━━━━━ Provided material

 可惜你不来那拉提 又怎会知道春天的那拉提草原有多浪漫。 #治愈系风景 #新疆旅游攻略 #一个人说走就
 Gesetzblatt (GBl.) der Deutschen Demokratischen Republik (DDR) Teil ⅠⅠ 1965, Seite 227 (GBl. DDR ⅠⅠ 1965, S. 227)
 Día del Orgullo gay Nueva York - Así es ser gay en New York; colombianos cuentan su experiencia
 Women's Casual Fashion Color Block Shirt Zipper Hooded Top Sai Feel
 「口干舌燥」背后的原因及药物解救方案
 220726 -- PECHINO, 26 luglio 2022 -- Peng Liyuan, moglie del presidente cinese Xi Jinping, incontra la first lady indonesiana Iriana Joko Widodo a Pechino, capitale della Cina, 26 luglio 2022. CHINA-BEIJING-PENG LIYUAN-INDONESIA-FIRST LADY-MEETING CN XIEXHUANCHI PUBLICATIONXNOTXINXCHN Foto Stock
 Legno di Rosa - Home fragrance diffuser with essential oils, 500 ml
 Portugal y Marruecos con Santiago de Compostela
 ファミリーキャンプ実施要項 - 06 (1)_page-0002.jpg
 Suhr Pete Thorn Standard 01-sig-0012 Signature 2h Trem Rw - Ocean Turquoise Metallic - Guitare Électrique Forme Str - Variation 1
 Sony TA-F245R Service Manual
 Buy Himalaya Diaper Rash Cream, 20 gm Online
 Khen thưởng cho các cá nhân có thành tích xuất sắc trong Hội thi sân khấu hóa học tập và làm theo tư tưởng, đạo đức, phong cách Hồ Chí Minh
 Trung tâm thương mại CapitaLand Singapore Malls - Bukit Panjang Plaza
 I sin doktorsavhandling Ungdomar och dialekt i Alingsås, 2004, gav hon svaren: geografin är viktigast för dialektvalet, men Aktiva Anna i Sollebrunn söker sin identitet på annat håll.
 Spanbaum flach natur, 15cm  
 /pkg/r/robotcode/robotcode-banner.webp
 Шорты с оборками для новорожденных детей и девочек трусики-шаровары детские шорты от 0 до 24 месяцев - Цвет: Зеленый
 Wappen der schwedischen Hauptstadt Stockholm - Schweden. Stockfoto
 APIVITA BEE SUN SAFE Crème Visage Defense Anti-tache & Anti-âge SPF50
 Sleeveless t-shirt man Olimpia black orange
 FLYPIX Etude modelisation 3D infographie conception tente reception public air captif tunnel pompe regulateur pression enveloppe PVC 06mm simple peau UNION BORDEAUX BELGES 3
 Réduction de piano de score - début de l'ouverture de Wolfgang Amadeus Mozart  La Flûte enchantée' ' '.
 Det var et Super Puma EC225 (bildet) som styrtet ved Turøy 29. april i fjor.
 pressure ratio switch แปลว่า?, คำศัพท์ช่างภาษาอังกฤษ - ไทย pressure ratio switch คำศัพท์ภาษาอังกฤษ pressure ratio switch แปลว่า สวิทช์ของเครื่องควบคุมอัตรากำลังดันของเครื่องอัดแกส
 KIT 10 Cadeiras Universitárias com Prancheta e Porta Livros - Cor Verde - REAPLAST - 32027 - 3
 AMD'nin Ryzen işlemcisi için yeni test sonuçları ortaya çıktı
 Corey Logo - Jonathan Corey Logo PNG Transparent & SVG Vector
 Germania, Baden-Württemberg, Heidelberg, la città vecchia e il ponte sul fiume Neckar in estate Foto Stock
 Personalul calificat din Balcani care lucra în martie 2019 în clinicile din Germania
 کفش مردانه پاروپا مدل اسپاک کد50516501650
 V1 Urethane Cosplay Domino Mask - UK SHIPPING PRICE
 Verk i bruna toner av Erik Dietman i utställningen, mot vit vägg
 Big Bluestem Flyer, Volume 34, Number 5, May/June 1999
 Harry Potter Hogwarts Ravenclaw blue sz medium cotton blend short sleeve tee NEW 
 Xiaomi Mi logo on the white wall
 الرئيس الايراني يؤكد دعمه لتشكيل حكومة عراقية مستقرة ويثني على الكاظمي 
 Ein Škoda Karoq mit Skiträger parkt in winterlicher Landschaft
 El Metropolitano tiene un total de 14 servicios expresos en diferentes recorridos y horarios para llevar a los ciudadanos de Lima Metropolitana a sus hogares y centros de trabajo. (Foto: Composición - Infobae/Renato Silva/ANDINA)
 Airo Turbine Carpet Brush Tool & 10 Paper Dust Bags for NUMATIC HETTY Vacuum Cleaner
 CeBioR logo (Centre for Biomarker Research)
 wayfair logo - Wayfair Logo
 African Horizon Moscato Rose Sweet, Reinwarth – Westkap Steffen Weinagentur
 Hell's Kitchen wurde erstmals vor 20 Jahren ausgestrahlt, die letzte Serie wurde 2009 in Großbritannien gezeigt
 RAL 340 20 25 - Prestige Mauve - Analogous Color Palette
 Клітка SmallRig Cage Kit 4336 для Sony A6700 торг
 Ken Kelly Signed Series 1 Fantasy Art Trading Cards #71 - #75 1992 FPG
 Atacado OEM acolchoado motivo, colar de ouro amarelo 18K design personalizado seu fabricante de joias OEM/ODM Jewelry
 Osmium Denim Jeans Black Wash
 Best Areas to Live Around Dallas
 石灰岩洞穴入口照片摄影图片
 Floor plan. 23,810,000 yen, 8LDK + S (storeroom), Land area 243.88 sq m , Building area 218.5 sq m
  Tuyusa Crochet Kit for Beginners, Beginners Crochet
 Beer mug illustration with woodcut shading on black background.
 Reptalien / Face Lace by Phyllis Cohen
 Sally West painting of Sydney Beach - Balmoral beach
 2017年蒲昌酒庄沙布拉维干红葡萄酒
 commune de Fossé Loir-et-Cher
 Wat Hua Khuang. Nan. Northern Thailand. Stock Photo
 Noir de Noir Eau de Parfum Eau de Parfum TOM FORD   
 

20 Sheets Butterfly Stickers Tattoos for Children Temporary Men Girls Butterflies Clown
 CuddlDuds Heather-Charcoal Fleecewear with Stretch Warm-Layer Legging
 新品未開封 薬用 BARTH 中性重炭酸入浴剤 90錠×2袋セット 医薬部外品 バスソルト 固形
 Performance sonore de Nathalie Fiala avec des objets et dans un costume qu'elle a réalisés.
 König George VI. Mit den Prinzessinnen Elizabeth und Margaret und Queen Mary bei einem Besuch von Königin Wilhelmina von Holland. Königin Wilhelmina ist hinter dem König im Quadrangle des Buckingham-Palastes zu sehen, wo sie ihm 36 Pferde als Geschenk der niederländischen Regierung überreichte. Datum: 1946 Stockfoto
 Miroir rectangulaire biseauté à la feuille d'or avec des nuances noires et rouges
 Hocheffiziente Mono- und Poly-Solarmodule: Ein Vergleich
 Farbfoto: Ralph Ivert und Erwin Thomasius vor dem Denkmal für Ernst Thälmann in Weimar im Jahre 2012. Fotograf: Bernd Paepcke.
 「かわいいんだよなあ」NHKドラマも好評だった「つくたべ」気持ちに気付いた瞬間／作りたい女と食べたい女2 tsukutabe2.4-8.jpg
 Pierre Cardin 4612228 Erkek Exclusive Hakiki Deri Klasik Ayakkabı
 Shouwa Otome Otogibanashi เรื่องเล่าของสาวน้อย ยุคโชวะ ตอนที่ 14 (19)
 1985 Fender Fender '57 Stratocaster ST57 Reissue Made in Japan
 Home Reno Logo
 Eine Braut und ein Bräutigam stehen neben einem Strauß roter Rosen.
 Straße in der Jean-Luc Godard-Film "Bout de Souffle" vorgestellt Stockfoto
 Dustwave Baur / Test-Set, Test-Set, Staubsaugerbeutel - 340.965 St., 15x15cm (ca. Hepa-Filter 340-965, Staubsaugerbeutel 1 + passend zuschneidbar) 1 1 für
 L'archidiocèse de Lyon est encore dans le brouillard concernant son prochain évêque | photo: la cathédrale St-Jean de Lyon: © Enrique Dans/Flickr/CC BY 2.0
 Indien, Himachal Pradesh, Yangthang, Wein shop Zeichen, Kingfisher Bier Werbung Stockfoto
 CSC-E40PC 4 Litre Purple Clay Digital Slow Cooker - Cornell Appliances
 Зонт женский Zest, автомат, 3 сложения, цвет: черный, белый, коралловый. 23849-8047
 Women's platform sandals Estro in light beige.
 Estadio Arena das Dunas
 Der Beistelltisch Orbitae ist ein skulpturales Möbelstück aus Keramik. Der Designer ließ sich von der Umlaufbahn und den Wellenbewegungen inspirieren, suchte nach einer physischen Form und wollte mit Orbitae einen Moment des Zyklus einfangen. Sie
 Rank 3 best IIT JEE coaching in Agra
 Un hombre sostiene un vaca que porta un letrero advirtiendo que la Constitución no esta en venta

━━━━━━━━━━

** Work to be completed **
As listed above, the lines from the line with "Personalul calificat din" to the line with "الرئيس الايراني يؤكد" are to be echoed exactly, with both ends included and nothing added.

** Answer box **
 Personalul calificat din Balcani care lucra în martie 2019 în clinicile din Germania
 کفش مردانه پاروپا مدل اسپاک کد50516501650
 V1 Urethane Cosplay Domino Mask - UK SHIPPING PRICE
 Verk i bruna toner av Erik Dietman i utställningen, mot vit vägg
 Big Bluestem Flyer, Volume 34, Number 5, May/June 1999
 Harry Potter Hogwarts Ravenclaw blue sz medium cotton blend short sleeve tee NEW 
 Xiaomi Mi logo on the white wall
 الرئيس الايراني يؤكد دعمه لتشكيل حكومة عراقية مستقرة ويثني على الكاظمي 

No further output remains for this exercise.